“GOOD, YOU ARE on time. If we miss the tide, we won’t bring back any shrimp.” Dominique Vanden-driessche, one of the last paardenvissers—Dutch for horse fishermen—in Oostduinkerke, Belgium, is in such a hurry to leave that he definitely would not have waited for us if we had arrived late. It’s still dark. The sandy landscape is pastoral, with pretty, low houses.
“Before the popularity of seaside tourism, people in the region were starving,” explains Dominique. “Nothing was growing properly. We were poor from one generation to the next, and the farmers had to fish for shrimp to make ends meet. Times were hard and so were the men. Sometimes, despite progress, and the madness of our times, I tell myself that nothing has really changed. You still have to fight to earn a living.”
With a steady hand, the young man—he’s 31—brings out Jako, an imposing Brabant, from his stall and prepares to harness him to his cart. In the pungent cold, the horse’s nostrils release two white plumes.
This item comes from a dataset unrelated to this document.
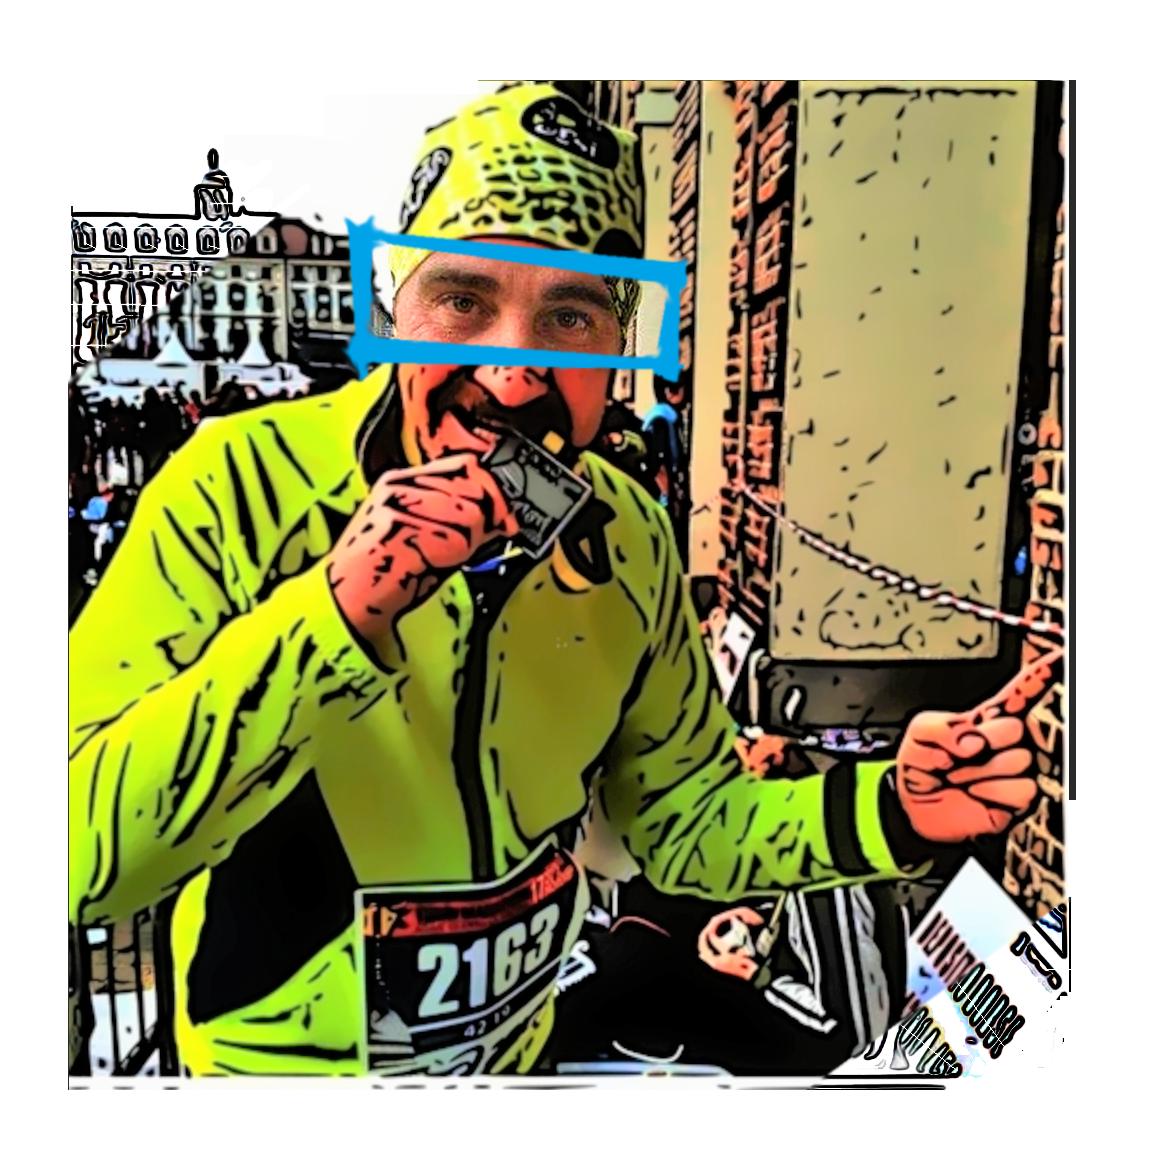 arrivo maratona di torino
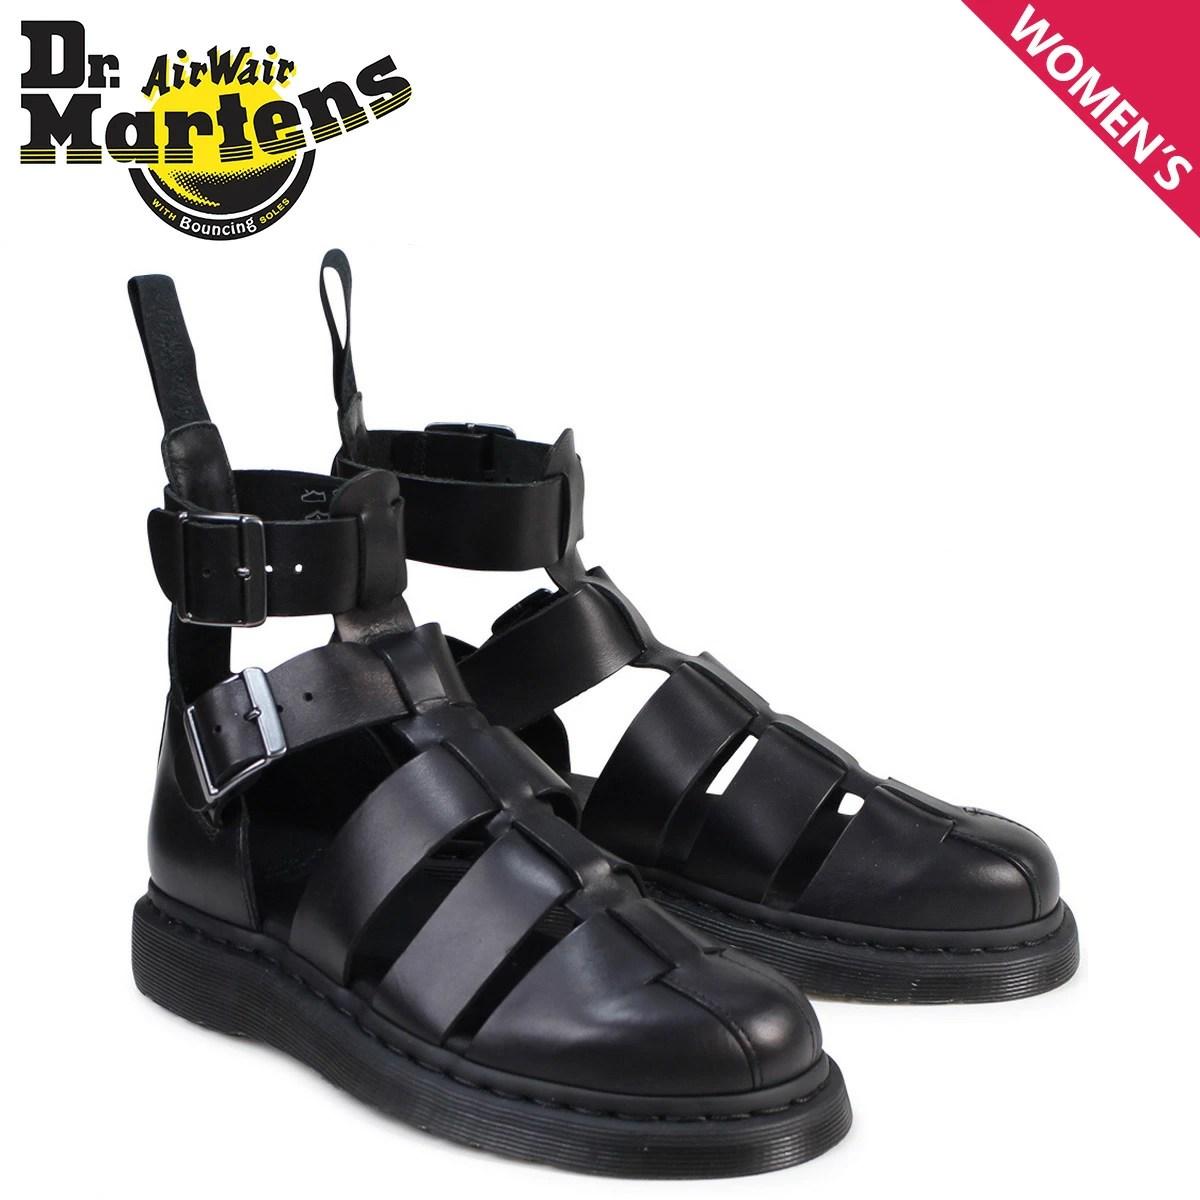 SneaK Online Shop: 博士馬丁涼鞋人分歧D Dr.Martens GERALDO STRAP SANDALS R15696001黑色[6/19補充進貨] | 日本樂天市場

At the age of six, this placid and powerful Belgian draft horse weighing almost a ton has been going to the sea only for a year, but he is already so used to the task that he could almost put himself in the shafts of his cart. With a kind, soft voice and in a sung language known only to the two of them, Dominique proceeds to guide Jako gently after harnessing him.
In a few minutes, everything is ready. It’s time for us to go. A walk of two miles awaits before we reach the seashore. Here in West Flanders, between De Panne and Nieuwpoort near the French border, the link that has for centuries united horses, men, and the North Sea has never been broken.